Without changing a thing, reproduce the entire listing and leave out its pictures.

### Data provided
:::::
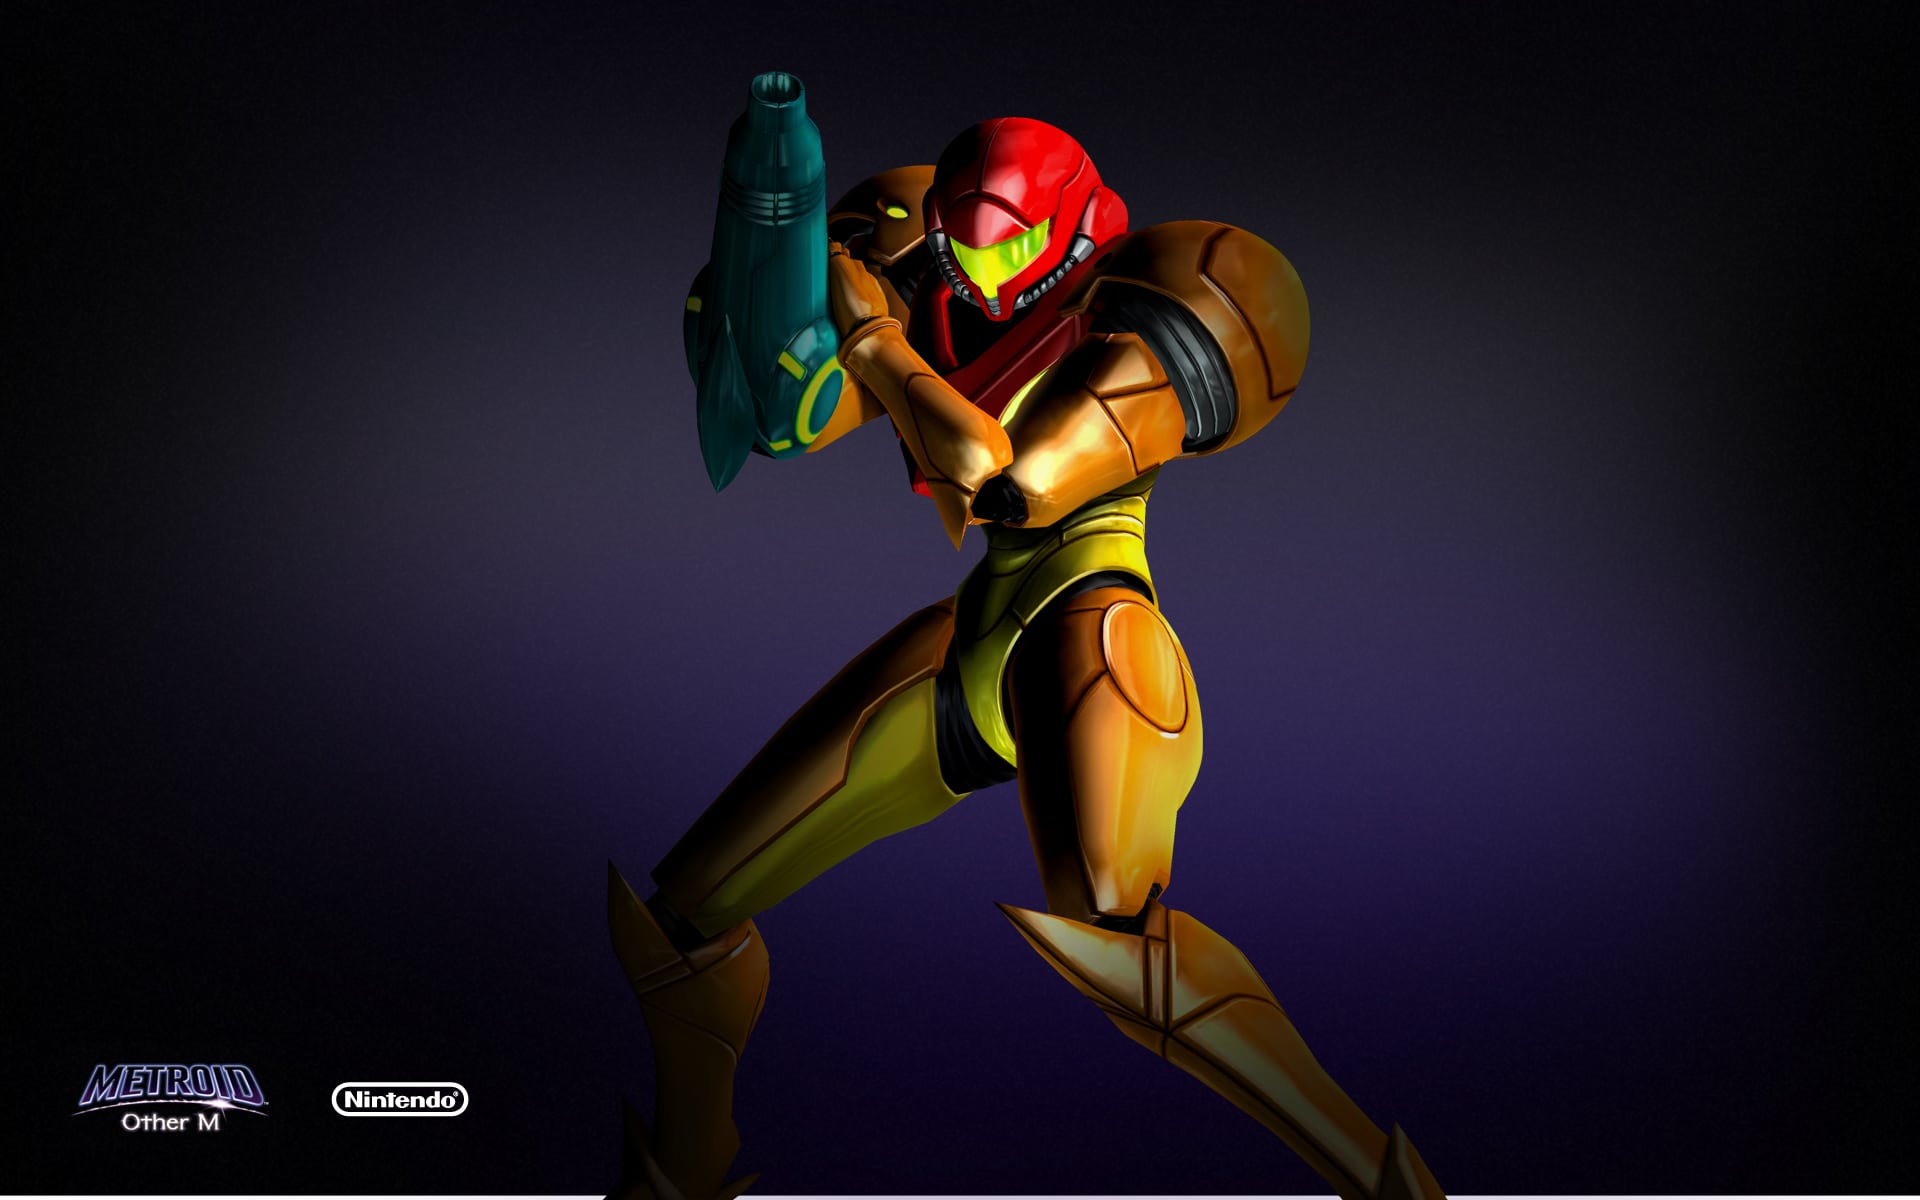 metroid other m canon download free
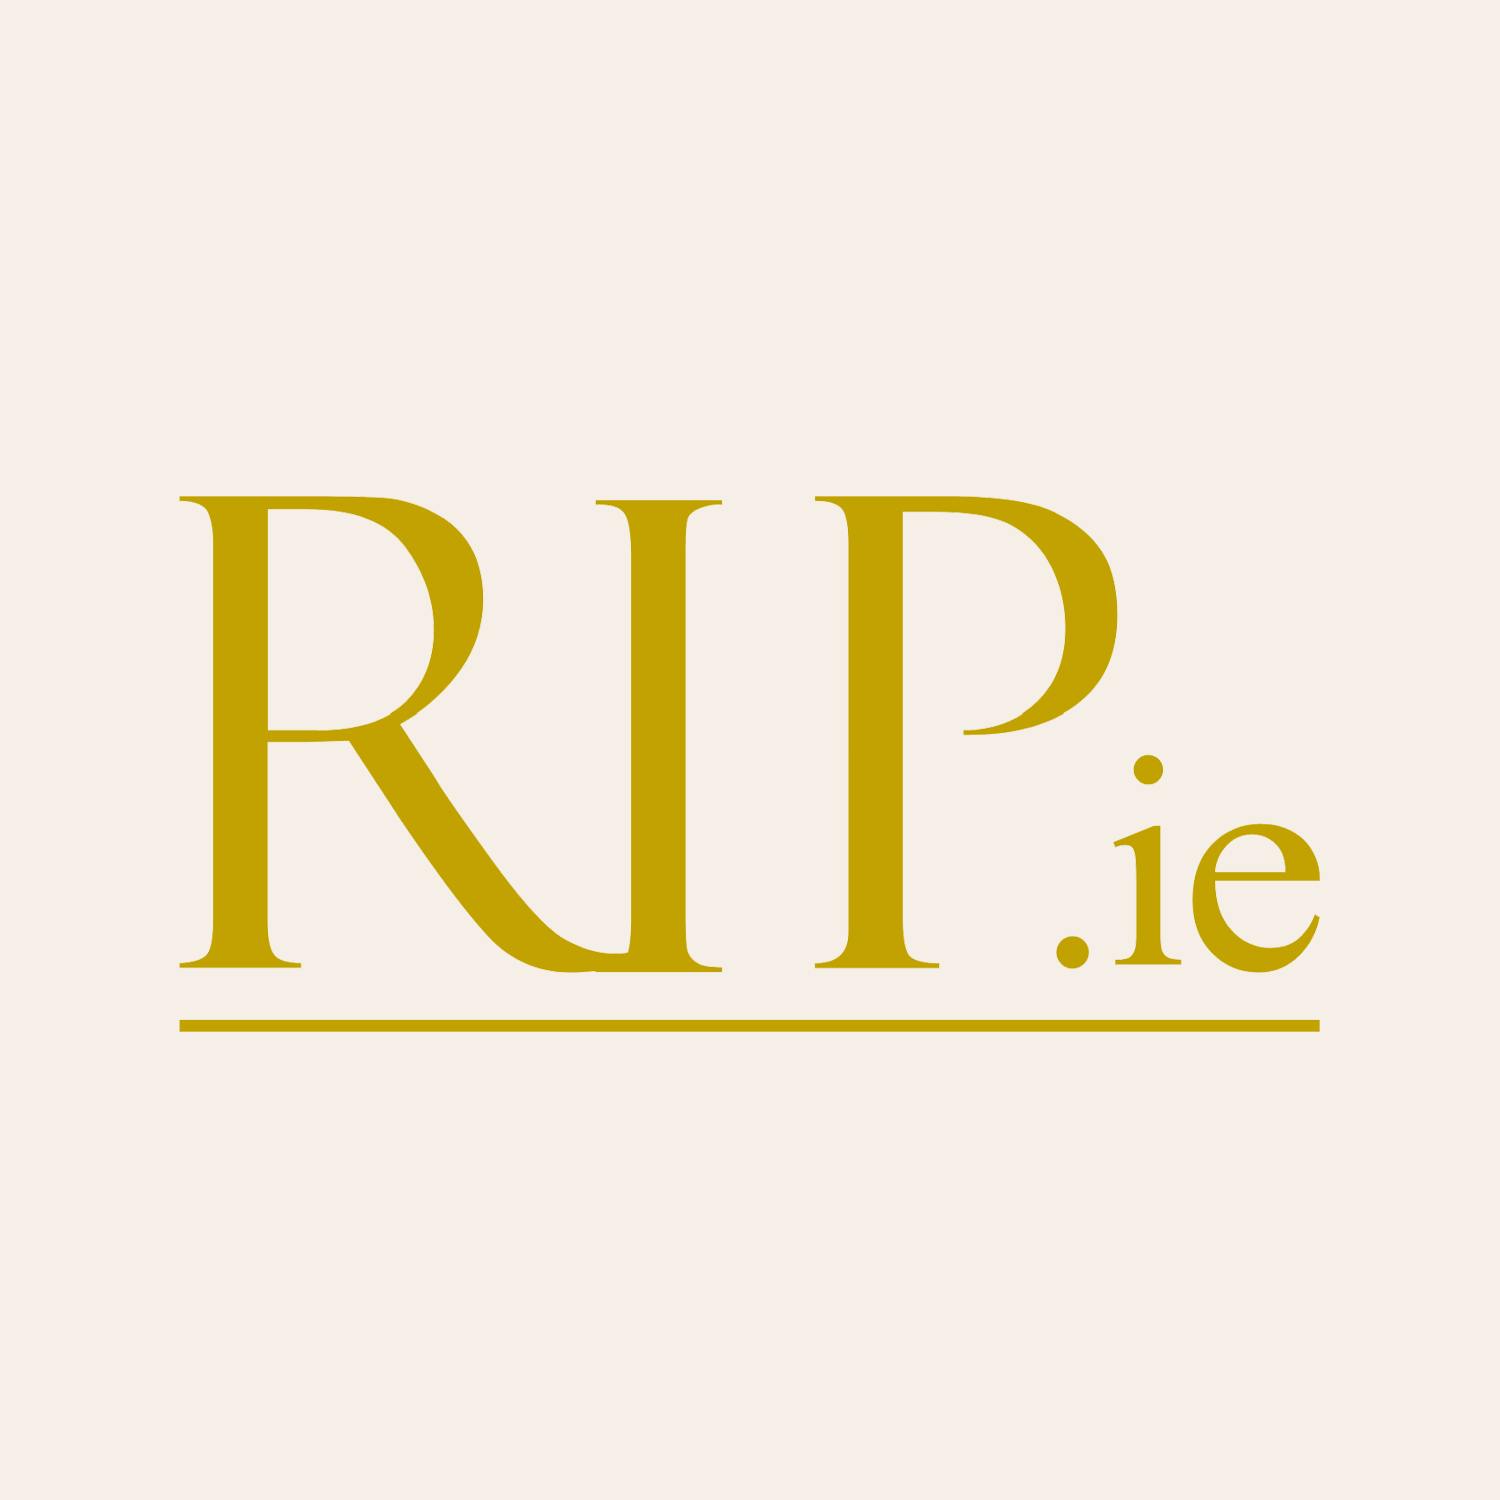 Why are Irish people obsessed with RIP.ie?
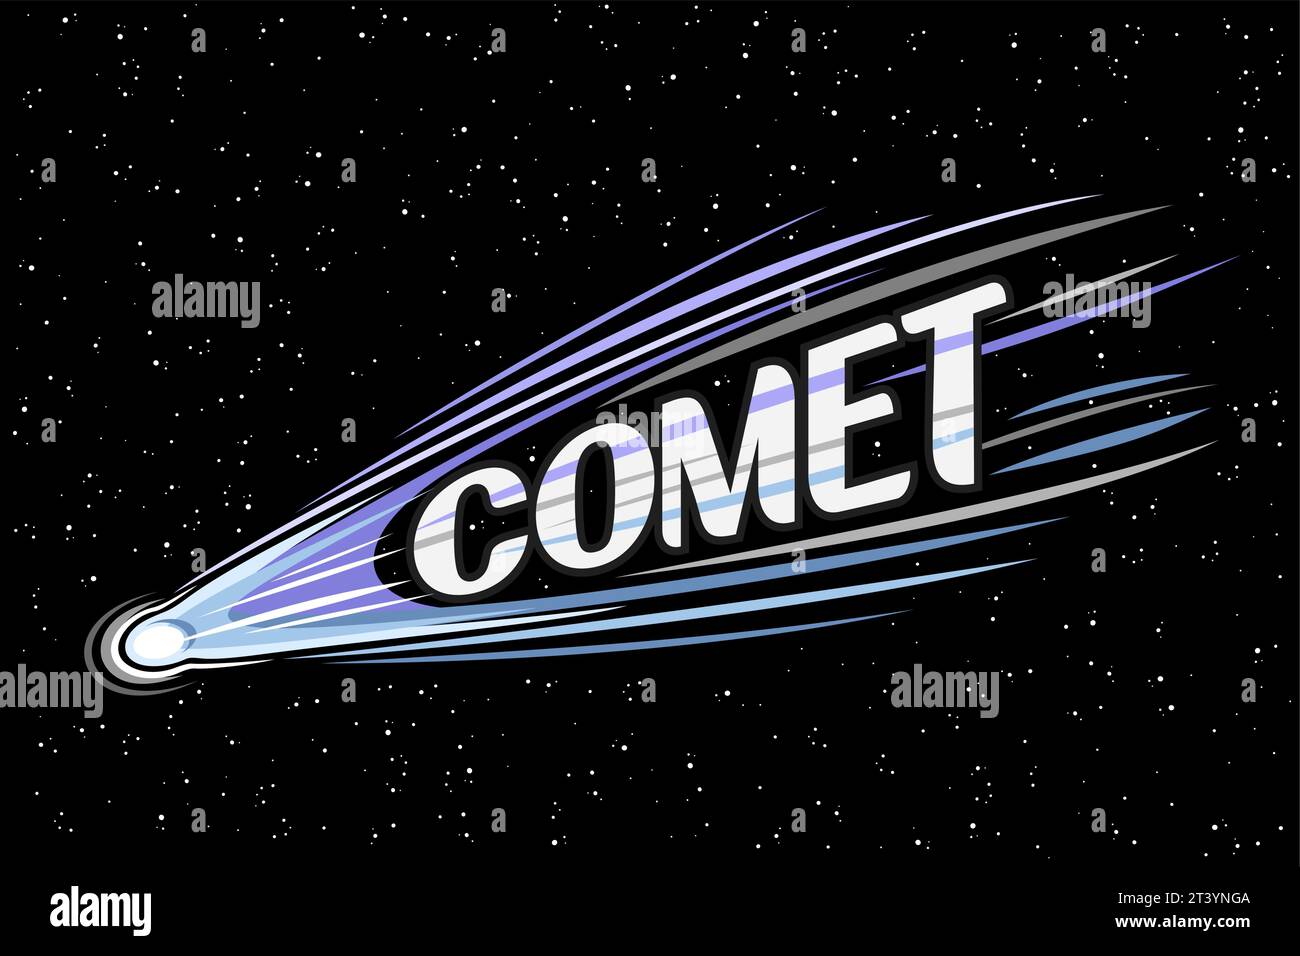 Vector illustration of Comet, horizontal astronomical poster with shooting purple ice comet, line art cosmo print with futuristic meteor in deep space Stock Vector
:::::
### Answer to the exercise
 metroid other m canon download free
 Why are Irish people obsessed with RIP.ie?
 Vector illustration of Comet, horizontal astronomical poster with shooting purple ice comet, line art cosmo print with futuristic meteor in deep space Stock Vector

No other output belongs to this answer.